Ünlü neyzen Aka Gündüz Kutbay vefatının Otuzuncu Yılında Cemal Reşit Rey Konser Salonu’nda sevenleri ve  dostları tarafından hasretle anıldı.

 

 “Aka Gündüz Kutbay – Otuz Yılın Özlemiyle…”  etkinliği 28 Aralık 2009 Pazartesi akşamı Cemal Reşit Rey Konser Salonu’nda gerçekleştirildi. İstanbul Büyükşehir Belediyesi Kültür Müdürlüğü’nün düzenleyip, Kültür A.Ş’nin organizasyonunu üstlendiği programda ney üstadı Aka Gündüz Kutbay’ın yakın dostları hatıralarını naklederken, usta hanende ve sazendeler Kutbay’ın sevdiği ve icra ettiği eserleri seslendirdiler.

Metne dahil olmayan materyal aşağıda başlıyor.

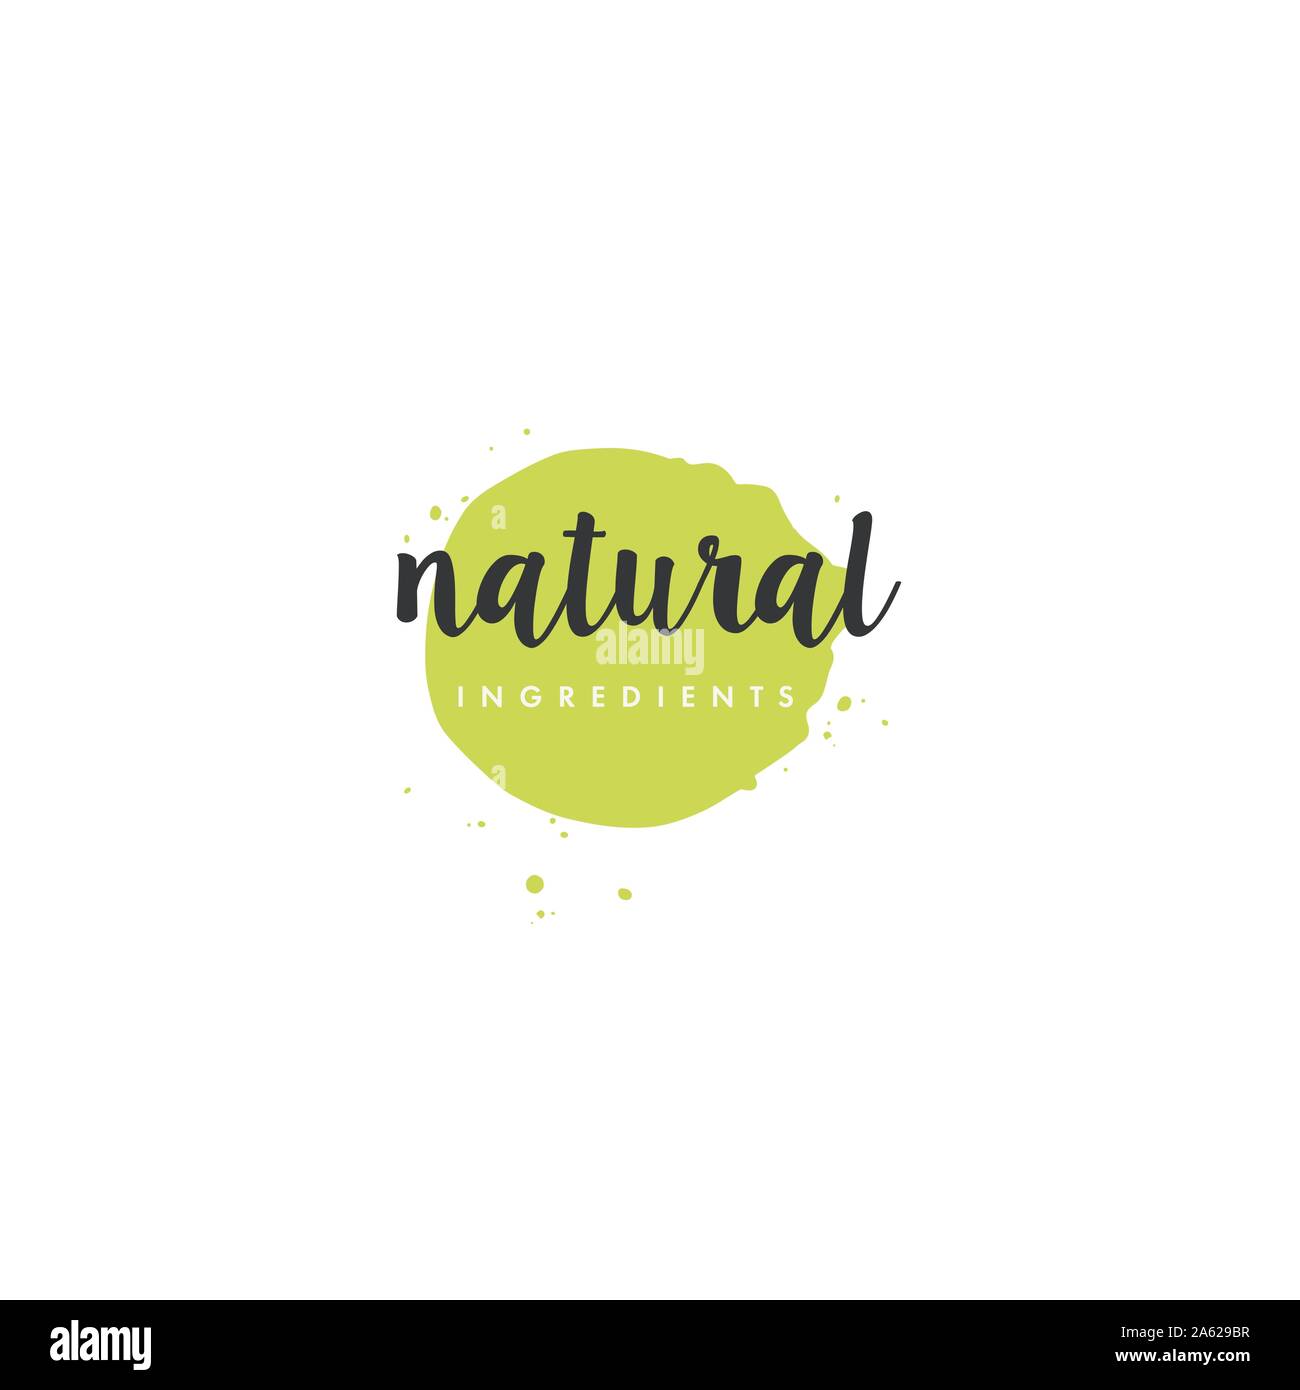 Naturprodukt-Icons und Elemente-Kollektion für den Lebensmittelmarkt, E-Commerce, Bio-Produkte Förderung, gesundes Leben und hochwertige Lebensmittel und Getränke. Stock Vektor

 Programın konukları Nihat Doğu, Abdi Coşkun, Ahmet Özhan, Fikret Karakaya, Mutlu Torun; hanende Munip Utandı; sazendeler Arif Erdebil (ney), Yavuz Akalın (ney),  Birol Yayla (tanbur), Taner Sayacoğlu (kanun) ve Fahrettin Yarkın (bendir) oldu. 

 Yansımalar grubu üyesi neyzen Aziz Şenol Filiz’in sunumu ve yönetiminde gerçekleştirilen etkinliğin açılış konuşması için sahneye gelen İstanbul Büyükşehir Belediyesi Kültür Müdürü Hüseyin Öztürk, Aka Gündüz Kutbay’ın Türk musiki tarihinde önemli yere sahip olduğunu, sanatının vefatından yıllar sonra onun yolundan giden öğrencileri ve musikişinaslarla devam etmesinin onu daha değerli kıldığını belirterek böyle bir programa ev sahipliği yapmanın gururunu yaşadığını söyledi.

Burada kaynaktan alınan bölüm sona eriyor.